Максим Максимович улыбнулся:
– Примеры тебе известны. Но сначала закончу с первым, административным путем. Он часто ведет в никуда, большое количество работы профессионалов, которых собрали вместе, не всегда радует результатом. Вторая система – лидерская. В коллективах сами собой возникают лидеры, которые взваливают на плечи ответственность за дело и людей, которые, в свою очередь, его делают. За такими лидерами люди идут в огонь и в воду, им верят, по их слову совершаются подвиги – научные, экономические и духовные. Лидеры набирают в штат не столько специалистов, сколько команду. Обязанности и знания в команде могут переплетаться и дублироваться, но спаянная команда почти всегда эффективнее структуры жесткой административной системы.
Объясняя, он томно кружил Милицу в объятиях, слова иногда утекали мимо ее сознания и растворялись в безбрежном ненужном мироздании. Чтобы поддерживать беседу, приходилось напрягаться, сосредотачиваться, то есть возвращаться в реальность. А этого так не хотелось…
Милица просто кивала, Максим Максимович продолжал:
– Понять заранее, какой из путей в каком случае даст результат, очень трудно, а новое дело – это всегда хождение в тумане по ямам и граблям. Поэтому вернули из двадцатого века отлично зарекомендовавший себя институт генеральных конструкторов. Генеральный конструктор – не должность, это диагноз. Шучу. Должность. Но такая, которой не научат. Нужно загореться идеей, в которую веришь, не видеть препятствий… точнее, находить решения в сложных случаях и не падать духом, даже если в первый и во второй с десятым разом ничего не получится. И нужно пройти курсы генеральных конструкторов – это для выдвиженцев «снизу». Пока учишься, твою идею рассмотрят специалисты и критики. Если вложения планируются большие, решать будут все блоки правительства, но тот блок, к которому относится будущее открытие или коренное изменение мира, будет иметь два голоса. Большинством голосов решение о создании нового направления будет принято, и ты либо возглавишь новую сферу деятельности, либо останешься продвигать ее по старому месту работы. Посмотри на Чайкина. Это гениальный ученый с нетривиальным взглядом на мир, и это человек, который своим энтузиазмом может заразить остальных. Если ему попадет в руки достойная идея, он перевернет мир даже без рычага. Если хочешь узнать, как становятся генеральными конструкторами – следи за Чайкиным. Уверяю, однажды он удивит всех.

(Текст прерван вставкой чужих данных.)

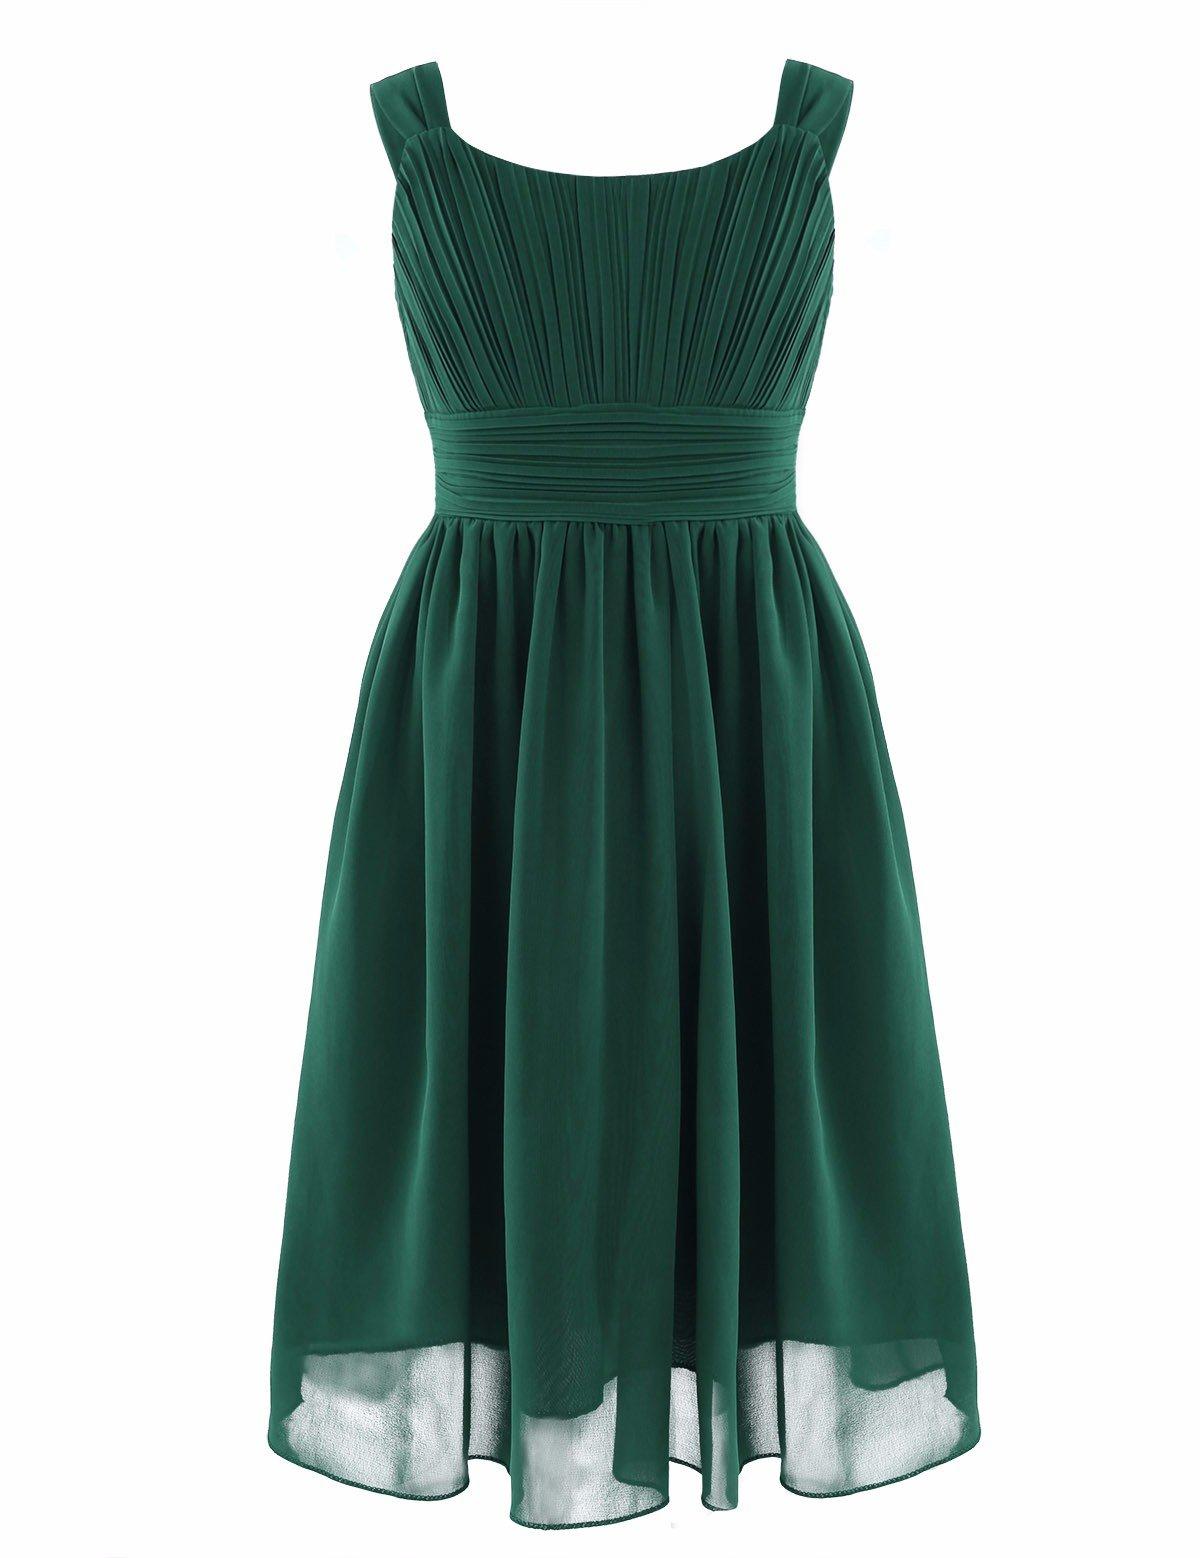 2d4ccd635 YiZYiF Kids Big Girl Sleeveless Pleated Chiffon Flower Wedding Bridesmaid  Formal Party Dress Green 10

На последнем издыхании музыки Максим Максимович остановился, отодвинулся и тихо сказал:
– Девочка моя, скажу несколько слов не по работе. Когда приходит время, человек выделяет кого-то одного. «Своего», как он думает. Единственного и неповторимого. Хорошо, если тяга взаимна, но случается, что желаемое не совпадает с действительным. К сожалению, так бывает довольно часто. Это не конец жизни. Не зацикливайся на ненужном, скажи себе: «Этот виноград зелен». И иди дальше. Мир огромен, людей много, и нужно найти свое место. Поиск может быть долгим и трудным, но это и есть жизнь. Находит тот, кто ищет. Будь генеральным конструктором своей жизни. – Максим Максимович умолк, но после небольшой паузы добавил: – Подумай над моими словами. Желаю тебе мудрости и счастья. Одно без другого настоящим не бывает.
Он поблагодарил за танец и ушел за стол.
Милица почувствовала, как уши запылали и щеки налились жаром. Максим Максимович дал понять, что знает о ее чувствах, но они бессмысленны, и лучше бы перенести внимание на кого-то другого – на более подходящего ей и более достойного. С точки зрения логики – все верно. Но при чем здесь логика? А если не хочется другого? Если единственным подходящим и наиболее достойным она считает именно его?!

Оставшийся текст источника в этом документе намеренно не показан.